## WHAT TO DO
Type the data below again exactly. Omit all pictures.

## DATA SEGMENT
-*-*-

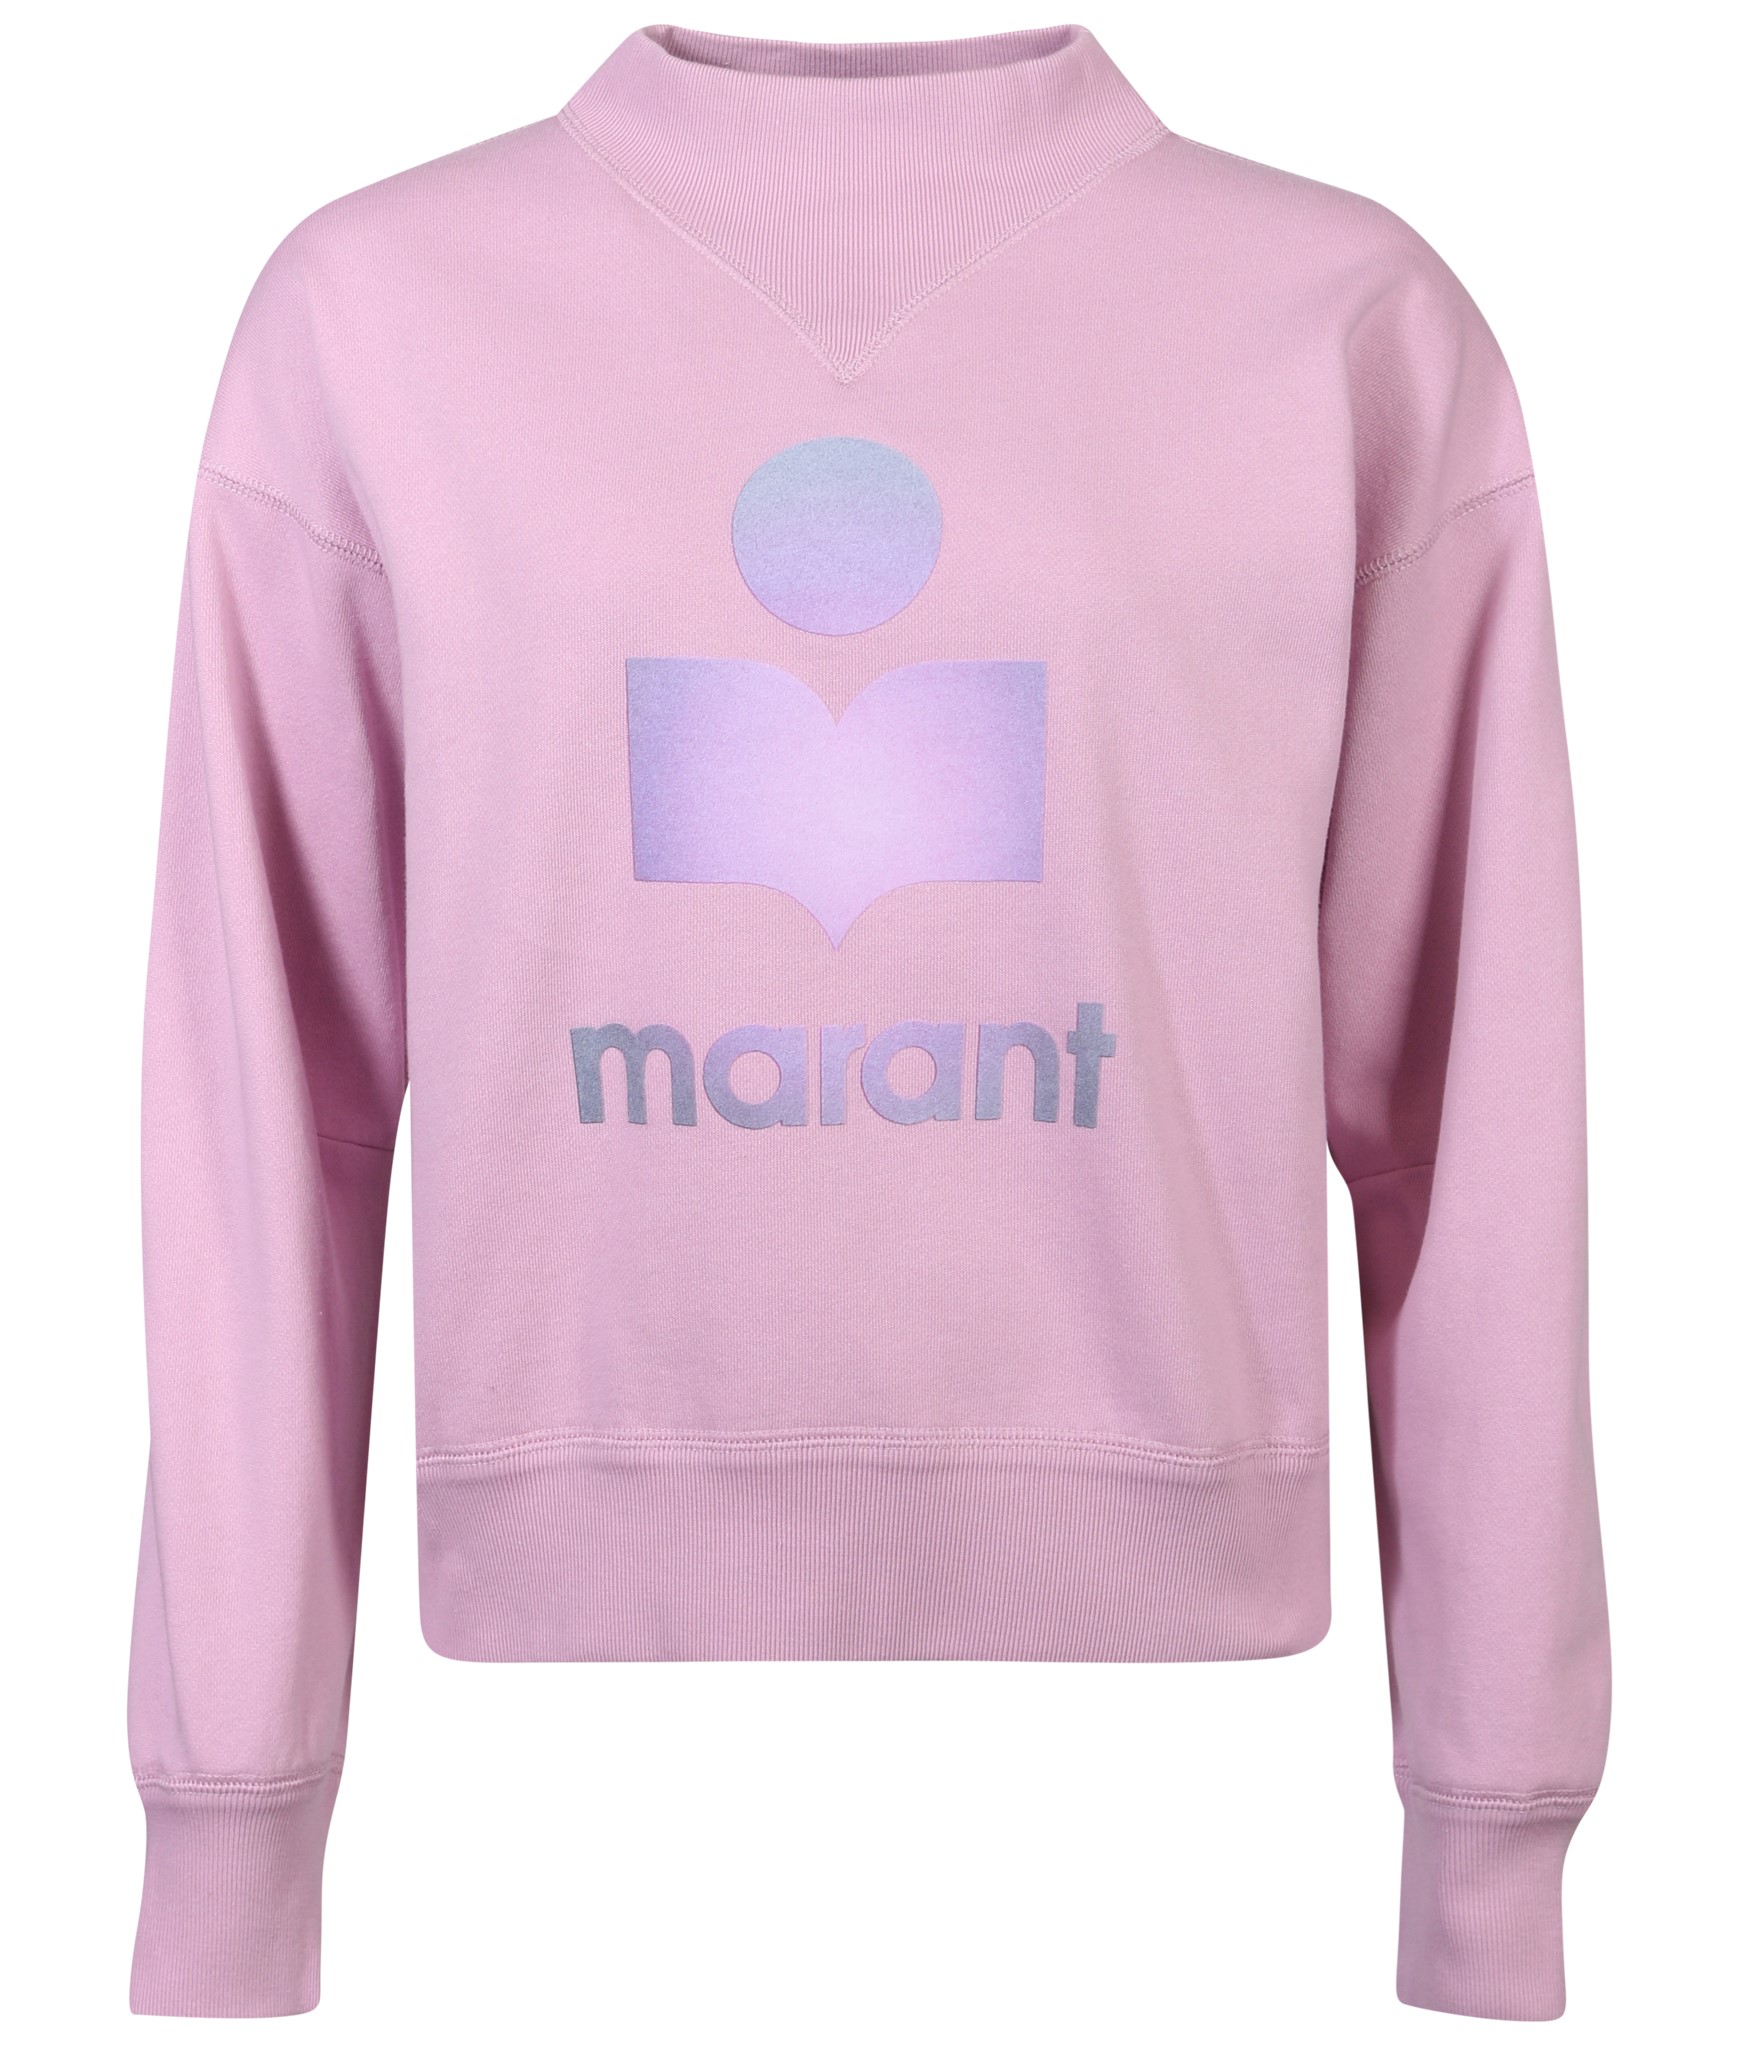 ISABEL MARANT ÉTOILE Moby Sweatshirt in Light Pink FR38 / DE36
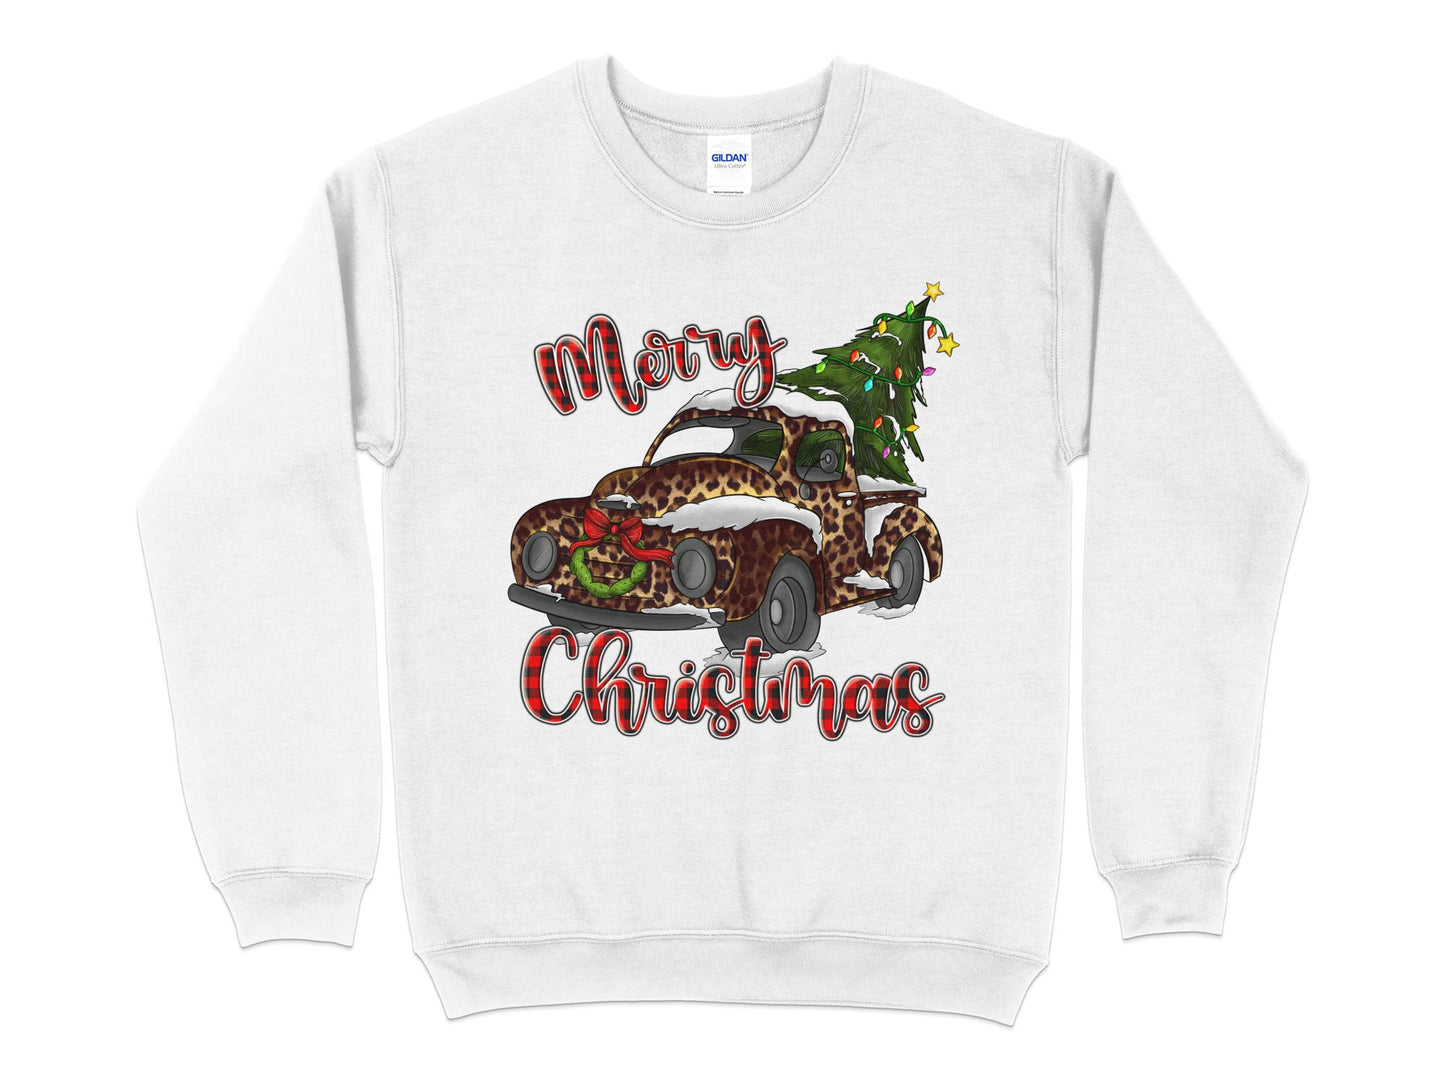 Merry Christmas Leopard Print Truck Sweatshirt, Christmas Sweater for Women, Christmas Gift for Women, Holiday Sweater, Xmas Shirt - Mardonyx Sweatshirt S / White
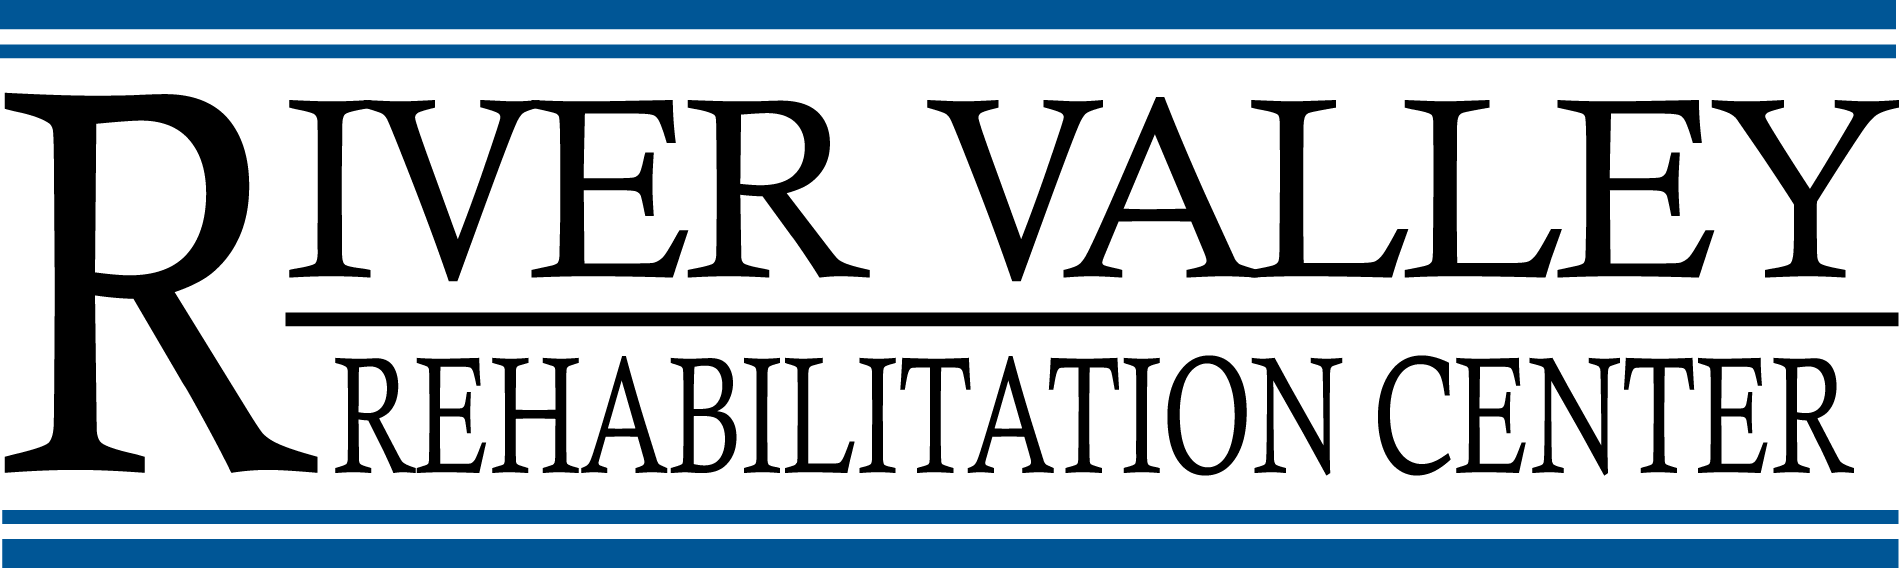 River Valley Rehabilitation Center logo
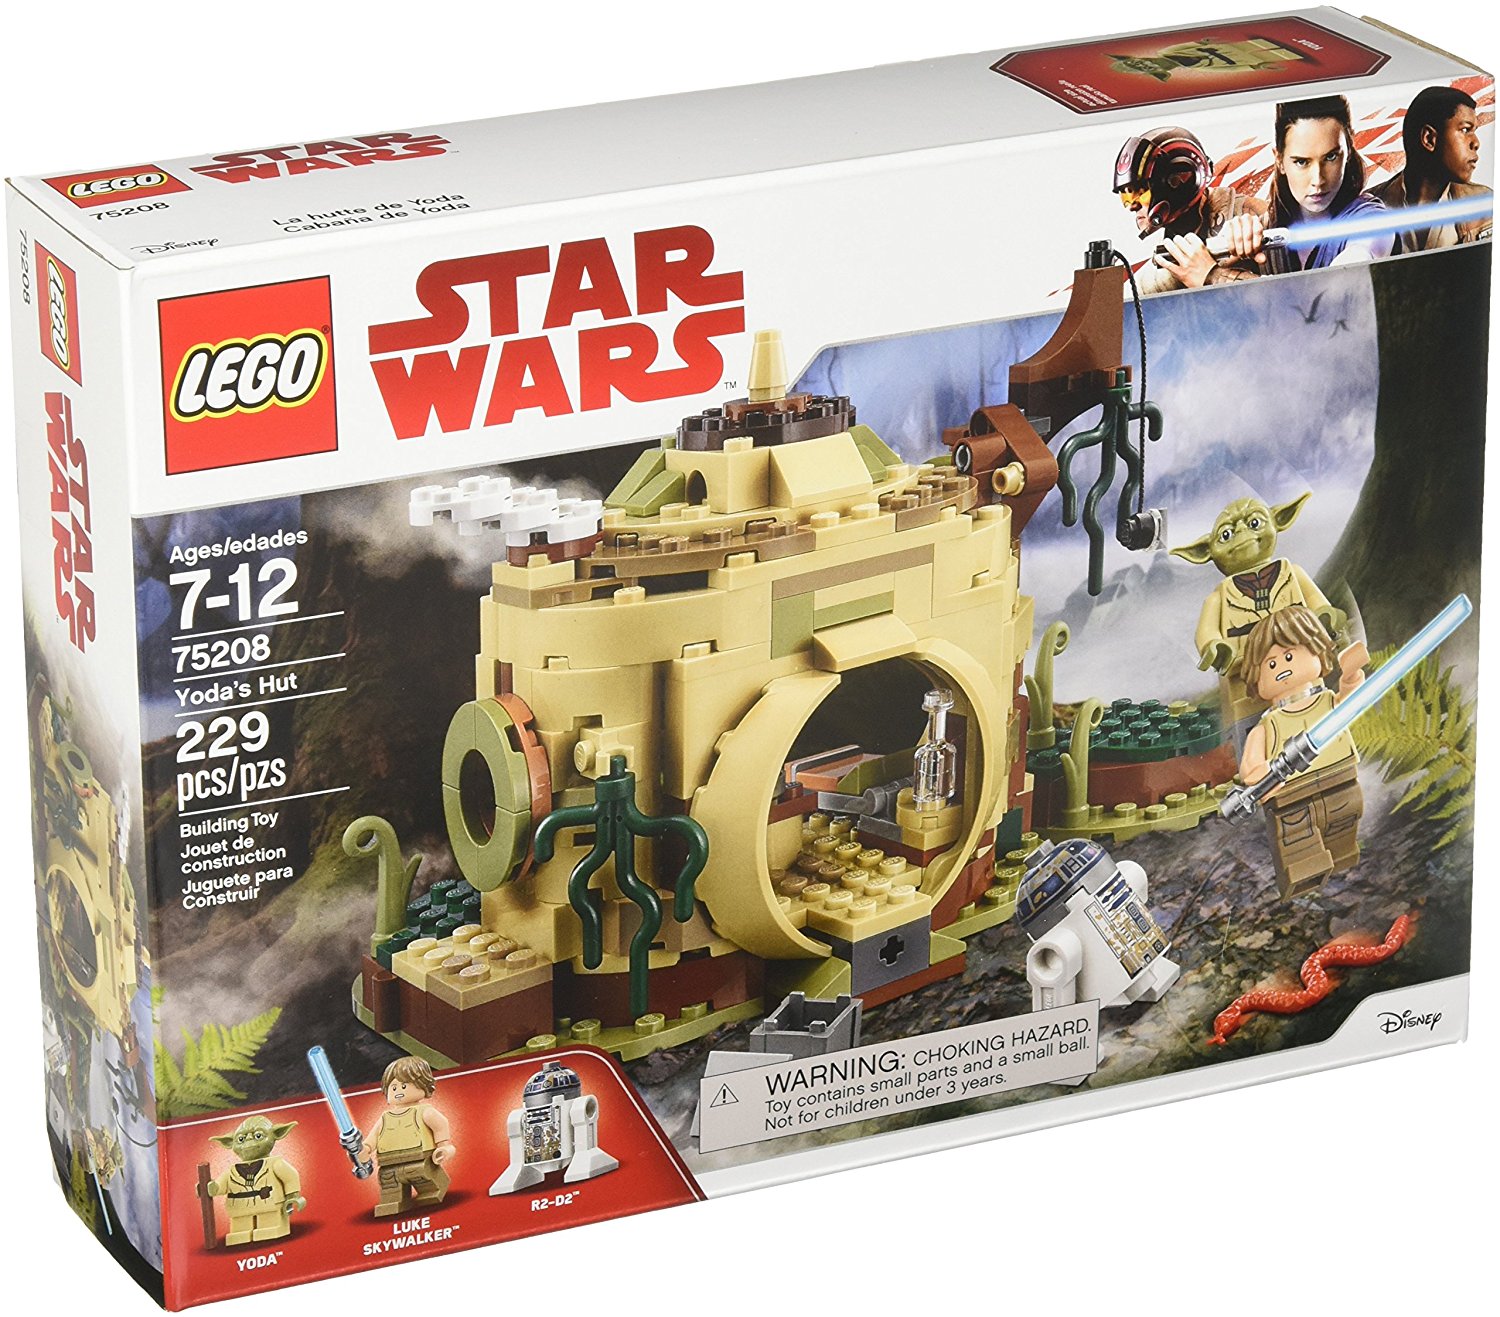 TLJ (TESB) Yoda's Hut Lego Set 1

-*-*-

## ANSWER SPACE
 ISABEL MARANT ÉTOILE Moby Sweatshirt in Light Pink FR38 / DE36
 Merry Christmas Leopard Print Truck Sweatshirt, Christmas Sweater for Women, Christmas Gift for Women, Holiday Sweater, Xmas Shirt - Mardonyx Sweatshirt S / White
 River Valley Rehabilitation Center logo
 TLJ (TESB) Yoda's Hut Lego Set 1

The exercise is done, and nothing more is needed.